Arie was one of four young men from Haifa who helped found the kibbutz – alongside Amiram Cooper and Oded Lifshitz, who were both also kidnapped and slain in captivity, and Shlomo Margalit, who survived the attack.

“He was a man of agriculture, manual labor, and blue work clothes. He was a farmer by blood who knew how to appreciate and value the land and weather, understanding their impact on our lives,” Nir Oz wrote.

“His life’s mission was maintaining agriculture in the Negev conditions, particularly specializing in wheat cultivation,” the kibbutz added. “Although he had no formal education in the field and held no degrees, his desire to grow grain in the Negev fields, along with his professionalism, consistency, and curiosity, led him to advance research on wheat varieties, irrigation, spraying and pest control.”

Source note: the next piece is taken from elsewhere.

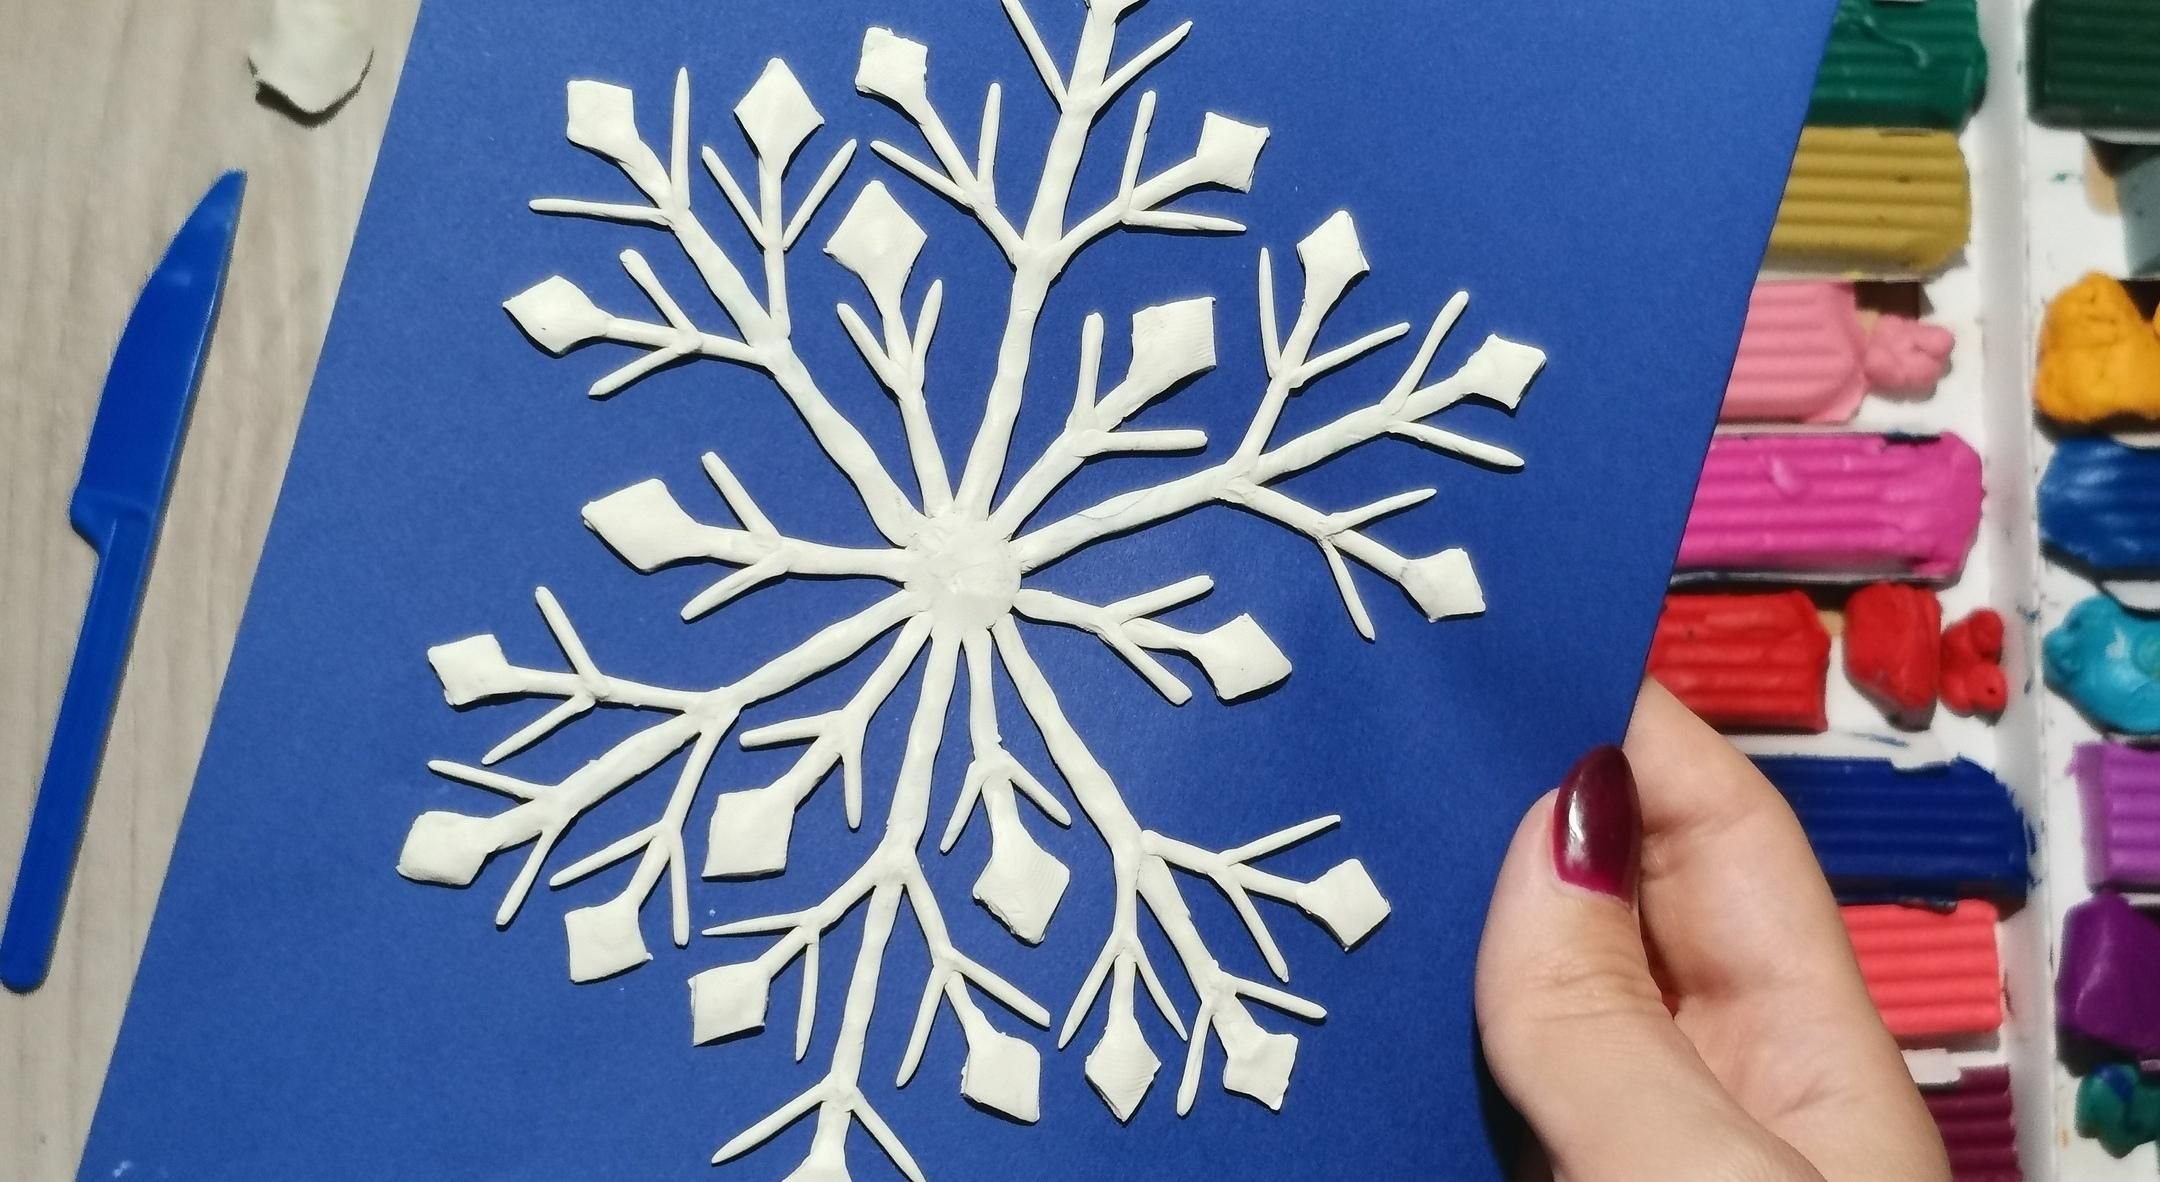 Снежинка из пластилина. Снежинка на картоне. Снежинка пластилин. Снежинка пластилином на картоне. Снежинку облепить пластилином.

On the kibbutz, Arie met Ruth, who had arrived in the early 1960s, and the couple wed and made their home in Nir Oz. Their oldest son, Boaz, was born in 1966, and Yoav followed in 1970. Ruth died of an illness in 1997, and Arie continued to live and work on the kibbutz though his sons lived elsewhere.

At a memorial service, his son, Yoav, said that “the legend” of his father was that of a “pioneer, farmer, kibbutznik, fellah. The legend tells of his love for the fields. Of his mischievous toughness. Of the connection with the earth and sky.”

And as a man, Yoav said, his father “loved and angered, worried and cared, taught and influenced. Father, grandfather. A modest and playful person, weak and strong, brave and anxious, wise and innocent.”